Imagine firefighters rush into a flooded neighborhood swallowed by relentless floodwaters during a devastating storm. Every street is a river, every home a potential trap. As they race to save lives, an unseen danger lurks beneath the murky depths. Electric currents pulsing from a hidden battery or ground mounted solar power system bring electricity flowing through the floodwater. An almost unimaginable hazard turns a rescue mission into a heart-pounding battle against both nature and unseen man-made forces.

Electricity traveling through the water almost never winds up actually happening. Why? Because this scenario is exactly the type of thing fire department review authorities worry about when processing their review. Oftentimes a solar project may need various permits from several authorities.

Some of the biggest safety requirements are imposed on large ground-mounted photovoltaic (PV) systems or batteries and energy storage systems in flood-prone areas known as "floodplains." When solar panels generate electricity, they produce current that can energize nearby water if the system is flooded. This does create a dangerous situation for anyone wading through the water, especially emergency responders trying to save lives.

Emergency responders in a rescue boat navigating a flooded street at night

The risk isn't just theoretical.. Flooded electrical systems can:

  • Cause short circuiting: Water can cause short circuits, leading to uncontrolled discharge and thermal runaway.
  • Cause dangerous chemical reactions: Lithium can react aggressively with water. This produces lithium hydroxide and hydrogen gas and hydrogen mixed with air is explosive.
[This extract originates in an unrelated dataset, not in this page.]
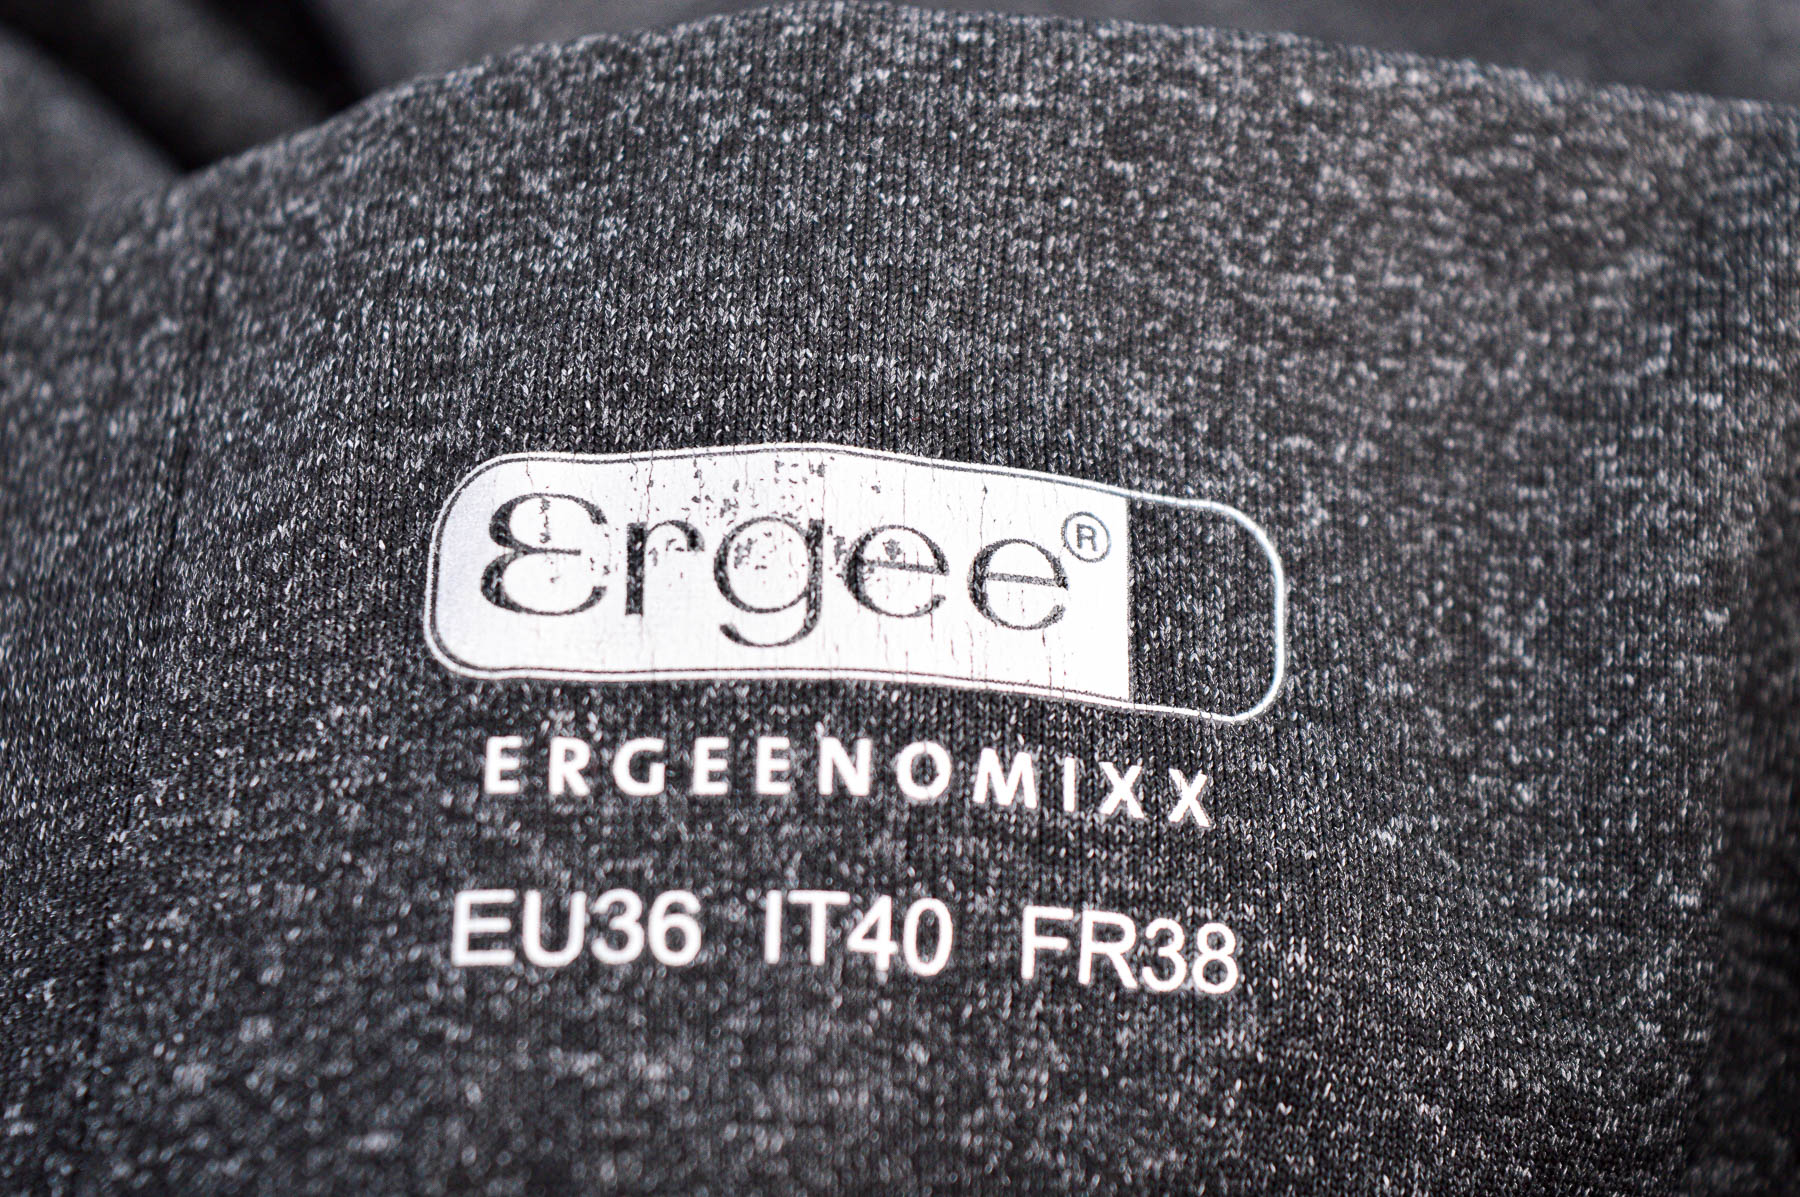 Leggings - ERGEENOMIXX - 2

Additionally, battery electrolytes breakdown and release toxic and flammable gases like hydrogen fluoride (HF).
  • Expose environmental hazards: These harmful chemical reactions can contaminate water sources and pose risks to ecosystems. Storm damages can allow harmful chemicals, including lithium salts and heavy metals into floodwaters. This is especially concerning for environmentally sensitive areas.

Additional Concerns:

  • Delayed fires: Fires can occur not only immediately but also days or weeks after water exposure due to ongoing chemical and thermal reactions within the battery.
  • Saltwater and Coastal Development: Saltwater is particularly dangerous because of greater electrical conductivity. This accelerates short circuiting and corrosion. This then increases the likelihood of various dangers listed above. Coastal Development Permits and the planning authority behind them are particularly concerned with this risk. It is important to know if your home or project is located in Hawaii, California, Massachusetts, etc.

How do we keep people safe? Permitting is that last line of defense where the people require a standard.

To address this, permitting and utility NEC guidelines are electrical codes that require large PV and energy storage systems to be built in certain ways. Sure, engineers and system designers are supposed to know what they are doing. But a permit certifies that an inspection process has occurred on behalf of the people, and by a similar professional employed by the people, ensuring these codes are adhered to.

In floodplains we have several added safety requirements. You may even need various subcontractors like surveyors to verify the final position of a battery or PV system in order to clear a final permit or PTO (permission to operate).

Jurisdictions also require UL listed products be used. The Underwriters Laboratory is primarily concerned with testing consumer products.

NEC compliant rapid shutdown systems are a must. These systems automatically shut down the energized electrical components when flood conditions are detected or when other emergencies occur. This means that as soon as flooding happens, the system quickly de-energizes.

Split Arrays is a tactic used in utility scale projects where arrays are split with individual shutdown systems.

When construction companies follow proper protocol regarding compliance it prevents the risk of electricity flowing through water and other hazards and, moreover, reduces the risk to firefighters and disaster survivors.

Aerial view of a ground-mounted solar farm submerged by floodwater

Additional safety measures include:

  • In residential solar, be sure your solar installer is installing electrical components like batteries, inverters, and junction boxes above expected flood levels to avoid water contact.
  • Using ground fault detection and interruption devices to detect electrical leakage and shut down the system if faults occur.
  • Conducting additional flood risk surveys before or after contacting a contractor to install ground-mounted PV systems to ensure the site is suitable.
  • Ensure that after a flood event, a qualified technician inspects the PV system before it is turned back on, to check for damage and prevent hazards. This goes beyond safety, protecting the value of your system.

If water could be charged by something nearby always assume that it is and take necessary precaution.